:: INPUT DATA ::

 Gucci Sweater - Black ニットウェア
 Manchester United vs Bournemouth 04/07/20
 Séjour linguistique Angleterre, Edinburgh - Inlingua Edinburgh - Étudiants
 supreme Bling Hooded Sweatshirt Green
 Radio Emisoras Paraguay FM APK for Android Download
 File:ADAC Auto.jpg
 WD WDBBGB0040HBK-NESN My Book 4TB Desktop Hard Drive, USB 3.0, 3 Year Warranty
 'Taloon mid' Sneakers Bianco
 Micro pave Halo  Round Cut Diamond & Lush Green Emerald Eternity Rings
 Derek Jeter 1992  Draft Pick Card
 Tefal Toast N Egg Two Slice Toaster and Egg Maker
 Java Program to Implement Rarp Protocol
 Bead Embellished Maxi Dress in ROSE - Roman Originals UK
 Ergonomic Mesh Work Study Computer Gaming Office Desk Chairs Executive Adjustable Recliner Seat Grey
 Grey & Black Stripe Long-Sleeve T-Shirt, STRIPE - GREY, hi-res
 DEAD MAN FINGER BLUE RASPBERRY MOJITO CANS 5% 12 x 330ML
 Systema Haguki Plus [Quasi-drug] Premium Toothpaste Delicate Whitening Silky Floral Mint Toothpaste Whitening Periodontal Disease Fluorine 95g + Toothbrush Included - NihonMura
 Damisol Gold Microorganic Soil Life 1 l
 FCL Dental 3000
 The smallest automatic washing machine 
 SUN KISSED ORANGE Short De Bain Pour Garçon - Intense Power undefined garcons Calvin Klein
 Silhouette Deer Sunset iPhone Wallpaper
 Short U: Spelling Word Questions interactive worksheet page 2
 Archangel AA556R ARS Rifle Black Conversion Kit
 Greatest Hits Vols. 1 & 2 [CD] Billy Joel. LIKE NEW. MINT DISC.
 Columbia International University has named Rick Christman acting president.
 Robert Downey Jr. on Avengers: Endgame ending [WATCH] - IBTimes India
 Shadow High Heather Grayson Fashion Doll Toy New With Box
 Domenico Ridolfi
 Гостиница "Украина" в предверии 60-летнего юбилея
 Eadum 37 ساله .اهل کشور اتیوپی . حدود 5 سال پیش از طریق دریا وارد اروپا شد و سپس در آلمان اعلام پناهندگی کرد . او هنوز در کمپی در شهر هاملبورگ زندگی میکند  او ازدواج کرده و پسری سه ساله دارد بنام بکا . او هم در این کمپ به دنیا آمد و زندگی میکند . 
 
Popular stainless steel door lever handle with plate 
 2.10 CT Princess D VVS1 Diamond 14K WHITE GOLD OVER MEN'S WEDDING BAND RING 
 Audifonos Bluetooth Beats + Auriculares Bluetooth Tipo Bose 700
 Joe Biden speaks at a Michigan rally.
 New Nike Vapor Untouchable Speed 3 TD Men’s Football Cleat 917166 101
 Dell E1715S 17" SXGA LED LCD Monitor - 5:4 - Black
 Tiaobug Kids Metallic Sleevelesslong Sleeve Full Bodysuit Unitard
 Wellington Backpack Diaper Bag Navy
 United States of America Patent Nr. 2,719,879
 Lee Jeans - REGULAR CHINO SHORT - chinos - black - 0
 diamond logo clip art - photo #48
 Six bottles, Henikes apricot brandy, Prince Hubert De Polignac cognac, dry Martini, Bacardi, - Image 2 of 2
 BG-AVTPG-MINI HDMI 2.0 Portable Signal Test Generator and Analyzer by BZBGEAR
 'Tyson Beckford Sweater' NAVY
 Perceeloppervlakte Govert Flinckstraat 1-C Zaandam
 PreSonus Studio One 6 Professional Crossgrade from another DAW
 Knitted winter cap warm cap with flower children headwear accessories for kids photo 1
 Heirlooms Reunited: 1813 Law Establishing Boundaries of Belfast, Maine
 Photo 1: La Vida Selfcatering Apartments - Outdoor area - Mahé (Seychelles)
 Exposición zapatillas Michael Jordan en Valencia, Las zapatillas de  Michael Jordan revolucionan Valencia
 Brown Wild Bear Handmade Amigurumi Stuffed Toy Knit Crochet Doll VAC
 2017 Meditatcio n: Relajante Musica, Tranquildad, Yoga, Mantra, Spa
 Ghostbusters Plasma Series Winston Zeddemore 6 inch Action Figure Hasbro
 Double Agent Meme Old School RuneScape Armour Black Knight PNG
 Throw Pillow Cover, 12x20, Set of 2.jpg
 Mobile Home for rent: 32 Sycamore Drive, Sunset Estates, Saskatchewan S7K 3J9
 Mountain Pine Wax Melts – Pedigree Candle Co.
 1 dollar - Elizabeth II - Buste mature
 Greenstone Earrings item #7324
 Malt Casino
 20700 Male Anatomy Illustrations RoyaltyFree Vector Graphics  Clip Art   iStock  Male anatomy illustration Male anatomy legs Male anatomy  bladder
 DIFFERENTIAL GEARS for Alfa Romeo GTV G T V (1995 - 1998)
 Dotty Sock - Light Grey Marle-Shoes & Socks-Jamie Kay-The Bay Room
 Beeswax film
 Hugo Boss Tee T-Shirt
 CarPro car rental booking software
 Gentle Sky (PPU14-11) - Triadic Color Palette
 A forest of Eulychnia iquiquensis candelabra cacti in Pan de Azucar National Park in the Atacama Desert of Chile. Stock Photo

:::

**WHAT YOU WILL DO**
Write down again, exactly as given, only the lines above that fall from the line with "Tiaobug Kids Metallic" to the line with "Double Agent Meme", inclusive.

**EXERCISE RESPONSE**
 Tiaobug Kids Metallic Sleevelesslong Sleeve Full Bodysuit Unitard
 Wellington Backpack Diaper Bag Navy
 United States of America Patent Nr. 2,719,879
 Lee Jeans - REGULAR CHINO SHORT - chinos - black - 0
 diamond logo clip art - photo #48
 Six bottles, Henikes apricot brandy, Prince Hubert De Polignac cognac, dry Martini, Bacardi, - Image 2 of 2
 BG-AVTPG-MINI HDMI 2.0 Portable Signal Test Generator and Analyzer by BZBGEAR
 'Tyson Beckford Sweater' NAVY
 Perceeloppervlakte Govert Flinckstraat 1-C Zaandam
 PreSonus Studio One 6 Professional Crossgrade from another DAW
 Knitted winter cap warm cap with flower children headwear accessories for kids photo 1
 Heirlooms Reunited: 1813 Law Establishing Boundaries of Belfast, Maine
 Photo 1: La Vida Selfcatering Apartments - Outdoor area - Mahé (Seychelles)
 Exposición zapatillas Michael Jordan en Valencia, Las zapatillas de  Michael Jordan revolucionan Valencia
 Brown Wild Bear Handmade Amigurumi Stuffed Toy Knit Crochet Doll VAC
 2017 Meditatcio n: Relajante Musica, Tranquildad, Yoga, Mantra, Spa
 Ghostbusters Plasma Series Winston Zeddemore 6 inch Action Figure Hasbro
 Double Agent Meme Old School RuneScape Armour Black Knight PNG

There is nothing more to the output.